Federal Practitioner. 2022 August;39(3)s:S72-S80 | 10.12788/fp.0309
August 15, 2022|Federal Practitioner
Abubakar Tauseef, MD;Maryam Zafar, MBBS;Peter Silberstein, MD;Joseph Nahas, MD;Thomas Frederickson, MD;Sean Hansen, MD;Anum Abbas, MD;Yaman Alali, MD;Avdesh Buragadda, MD;Omar K. Abughanimeh, MD;Sunil Nair, MD;Joseph Thirumalareddy, MD;Mohsin Mirza, MBBS
Author and Disclosure Information

Abubakar Tauseef, MDa; Maryam Zafar, MBBSb; Peter Silberstein, MDa; Joseph Nahas, MDa; Thomas Frederickson, MDc; Sean Hansen, MDa; Anum Abbas, MDd; Yaman Alali, MDa; Avdesh Buragadda, MDa; Omar K. Abughanimeh, MDd; Sunil Nair, MDa; Joseph Thirumalareddy, MDa; and Mohsin Mirza, MBBSa
Correspondence: Abubakar Tauseef (abubakartauseef@creighton.edu)

aCreighton University, Omaha, Nebraska
bDow University of Health Sciences, Karachi, Pakistan
cCHI Health, Omaha, Nebraska
dUniversity of Nebraska Medical Center, Omaha, Nebraska

Author disclosures

The authors report no actual or potential conflicts of interest or outside sources of funding with regard to this article.

Disclaimer

The opinions expressed herein are those of the authors and do not necessarily reflect those of Federal Practitioner, Frontline Medical Communications Inc., the US Government, or any of its agencies.

Ethics and consent

This is a meta-analysis including already published clinical trials.

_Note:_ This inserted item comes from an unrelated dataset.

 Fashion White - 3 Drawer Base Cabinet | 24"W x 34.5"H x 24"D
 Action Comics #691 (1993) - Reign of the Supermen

Background: Despite the use of platinum-based chemotherapy, lung cancer continues to be the leading cause of cancer-related death in the world. To overcome the rate of lung cancer–related death, scientists discovered advanced therapies, including mutant epidermal growth factor receptor–tyrosine kinase (EGFR-TK) inhibitors.

Observations: We conducted a meta-analysis to determine the safety profile of mutant EGFR-TK inhibitors in the management of advanced non–small cell lung cancer (NSCLC). Included in this study are 9 phase 3 randomized controlled trials designed to study the safety profile of mutant EGFR-TK inhibitors in patients with advanced NSCLC. The study showed that mutant EGFR-TK inhibitors have an incidence of adverse effects that is less reported when compared with platinum-based chemotherapy.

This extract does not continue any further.